Incidence of Congenital heart disease among the neonates in neonatal intensive care unit of a tertiary care hospital

Dinakara P1, Reddy Bharath D2, Rajeshwari S3, Renganathen G4

1Dr Dinakara Prithviraj, Associate Professor, 2Dr. Bharath Reddy, Assistant professor, 3Dr. Rajeshwari S, Junior resident, 4Dr. Utkarsh Jain, Junior Resident, all authors are affiliated with Department of Pediatrics, Vydehi institute of medical sciences and research institute, Bengaluru, Karnataka, India.

Address of correspondence: Dr Dinakara Prithviraj, Associate Professor, Department of Pediatrics, Vydehi Institute of medical sciences, Bangalore. drdinakar.nishanth@gmail.com



Abstract

Background: A large number of newborns are affected by congenital heart diseases, which accounts for a high proportion of infant mortality worldwide. But there are regional variations in the prevalence and distribution pattern of congenital heart diseases. We evaluated the incidence, risk factors and diagnostic clues for congenital heart disease in newborns in our neonatal intensive care unit.

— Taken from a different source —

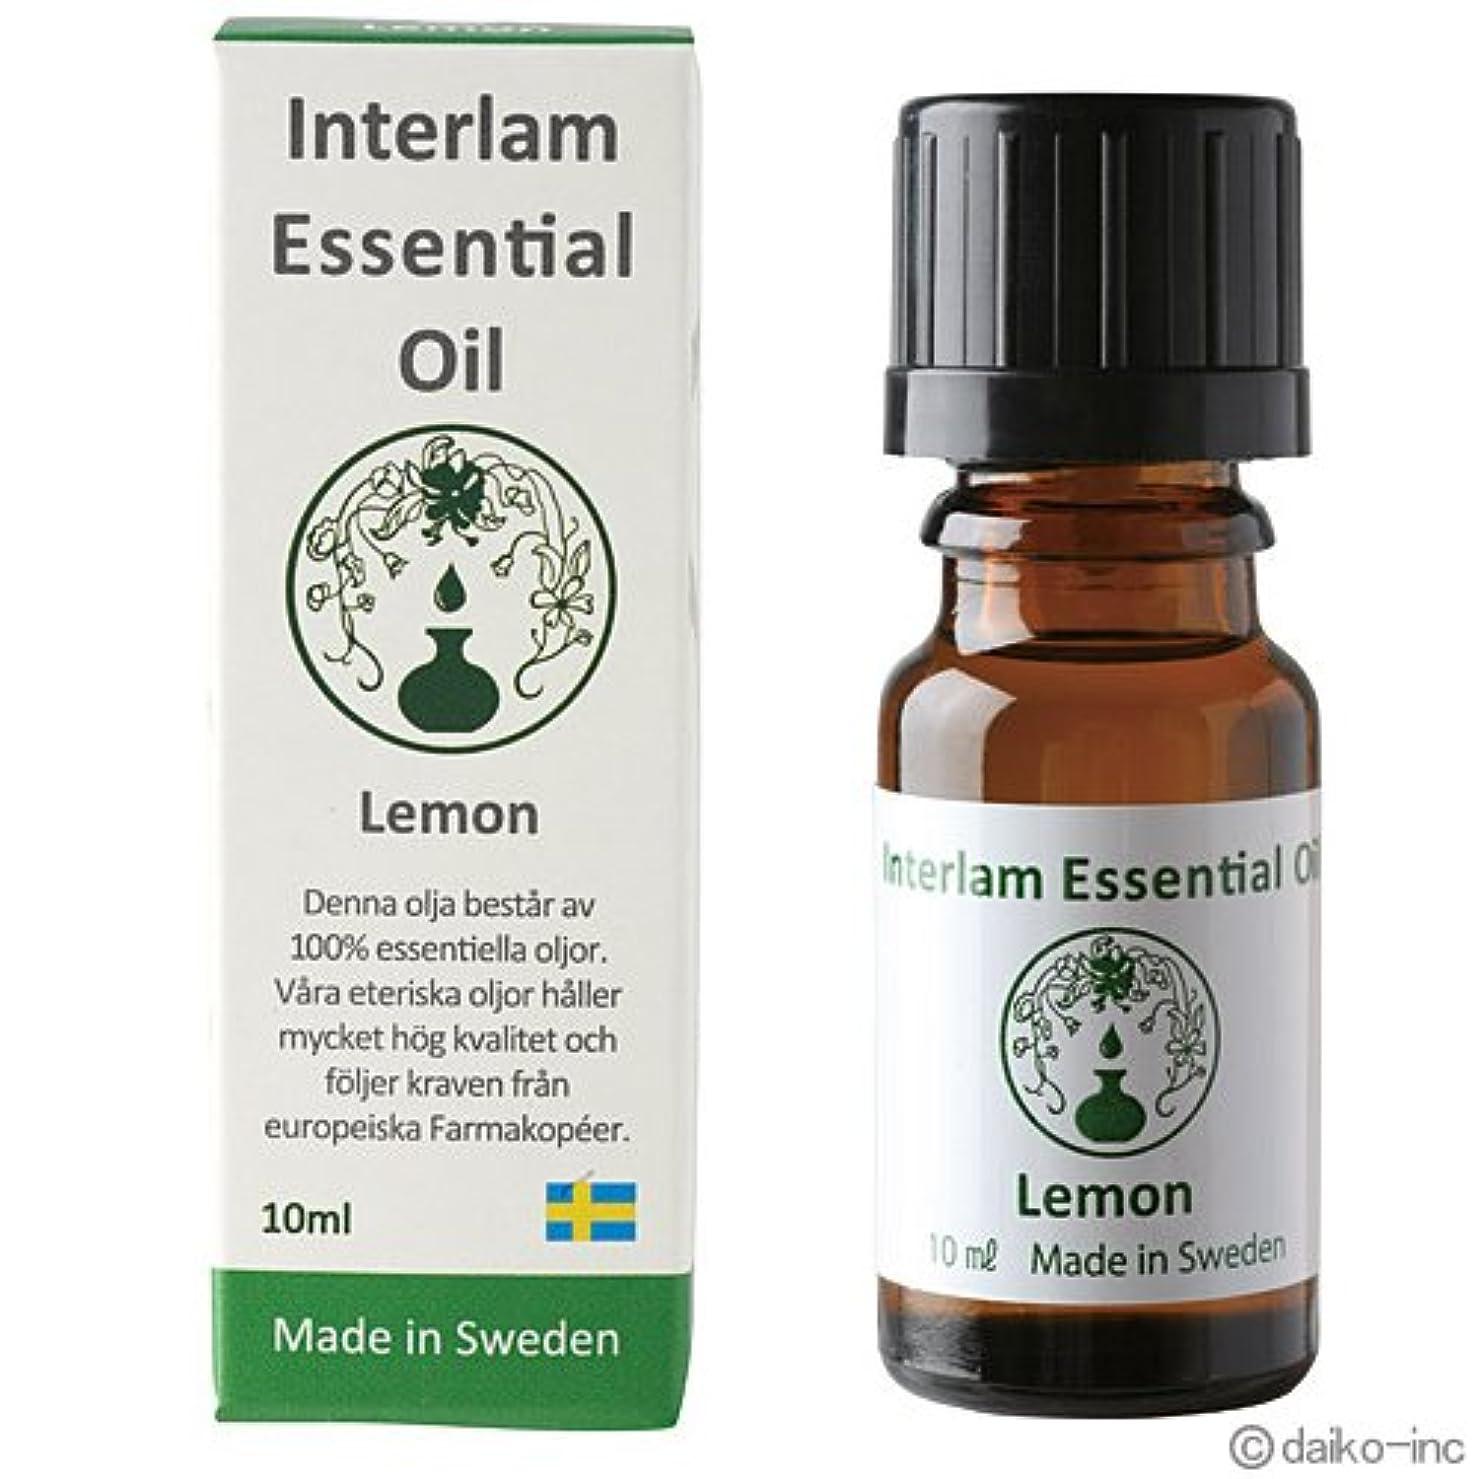 ばかげたアレルギー性軍艦Interlam Essential Oil レモン 10ml

Methods: A prospective observational study was conducted in the neonatal intensive care unit of Vydehi institute of medical sciences between January 2013 to December 2016. Congenital heart disease was suspected if clinical and confirmed by 2D echocardiography and doppler and colour flow imaging. Data was collected on a predesigned proforma containing information regarding gender, gestational age and weight at birth, family history, and associated malformations. Results: Out of 1974 babies screened for CHDs, 126 babies had CHDs (4.6%) of which 71(56%) were males. Most of neonates presented with Respiratory distress (52.3%), murmurs (49.5%), abnormal chest X ray (27.7%), followed by cyanosis (18.2%) in Cyanotic CHDs(100% of the cases). Conclusion: The incidence of CHD in newborns at the neonatal intensive care unit was higher than that in all live births.VSD was the most common congenital heart defect detected while Tetralogy of Fallot was commonest among the cyanotic heart defects.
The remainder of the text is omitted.